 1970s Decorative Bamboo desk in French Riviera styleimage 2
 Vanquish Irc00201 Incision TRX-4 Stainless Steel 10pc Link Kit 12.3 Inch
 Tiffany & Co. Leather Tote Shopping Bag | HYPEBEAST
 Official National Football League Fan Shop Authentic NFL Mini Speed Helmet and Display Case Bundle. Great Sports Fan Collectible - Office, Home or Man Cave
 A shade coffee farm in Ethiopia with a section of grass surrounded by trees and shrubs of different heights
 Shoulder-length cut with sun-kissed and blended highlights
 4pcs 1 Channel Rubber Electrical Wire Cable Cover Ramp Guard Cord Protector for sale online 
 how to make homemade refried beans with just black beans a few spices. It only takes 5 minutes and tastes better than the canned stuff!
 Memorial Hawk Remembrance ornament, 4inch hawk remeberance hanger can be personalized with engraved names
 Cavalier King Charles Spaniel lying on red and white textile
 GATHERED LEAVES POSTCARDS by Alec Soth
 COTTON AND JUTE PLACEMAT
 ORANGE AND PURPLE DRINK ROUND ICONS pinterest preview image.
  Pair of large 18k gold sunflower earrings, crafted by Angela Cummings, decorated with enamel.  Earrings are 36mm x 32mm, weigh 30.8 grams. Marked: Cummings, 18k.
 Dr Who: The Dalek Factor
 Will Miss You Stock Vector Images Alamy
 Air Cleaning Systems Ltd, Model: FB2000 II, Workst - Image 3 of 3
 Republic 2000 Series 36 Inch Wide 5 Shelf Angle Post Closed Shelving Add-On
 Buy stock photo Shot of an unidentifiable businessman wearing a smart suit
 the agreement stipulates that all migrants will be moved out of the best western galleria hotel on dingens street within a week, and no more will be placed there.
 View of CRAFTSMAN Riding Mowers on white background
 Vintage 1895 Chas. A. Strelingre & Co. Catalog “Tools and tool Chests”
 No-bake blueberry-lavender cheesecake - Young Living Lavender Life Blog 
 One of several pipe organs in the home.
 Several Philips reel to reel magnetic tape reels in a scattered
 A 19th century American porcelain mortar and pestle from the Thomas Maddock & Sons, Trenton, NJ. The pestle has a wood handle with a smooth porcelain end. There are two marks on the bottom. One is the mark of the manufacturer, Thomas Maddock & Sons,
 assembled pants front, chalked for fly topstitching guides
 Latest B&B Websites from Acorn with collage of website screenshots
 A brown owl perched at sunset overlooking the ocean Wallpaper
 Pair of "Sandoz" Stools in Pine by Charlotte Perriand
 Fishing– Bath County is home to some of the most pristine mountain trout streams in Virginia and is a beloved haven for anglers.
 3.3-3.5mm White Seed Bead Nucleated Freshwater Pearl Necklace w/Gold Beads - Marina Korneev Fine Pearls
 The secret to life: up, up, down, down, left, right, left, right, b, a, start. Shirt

++++

AIM OF THE TASK »
In the listing above, start at the line with "A shade coffee", go on through the line with "4pcs 1 Channel", and copy each of those lines exactly; leave out all the rest.

SOLUTION BELOW »
 A shade coffee farm in Ethiopia with a section of grass surrounded by trees and shrubs of different heights
 Shoulder-length cut with sun-kissed and blended highlights
 4pcs 1 Channel Rubber Electrical Wire Cable Cover Ramp Guard Cord Protector for sale online 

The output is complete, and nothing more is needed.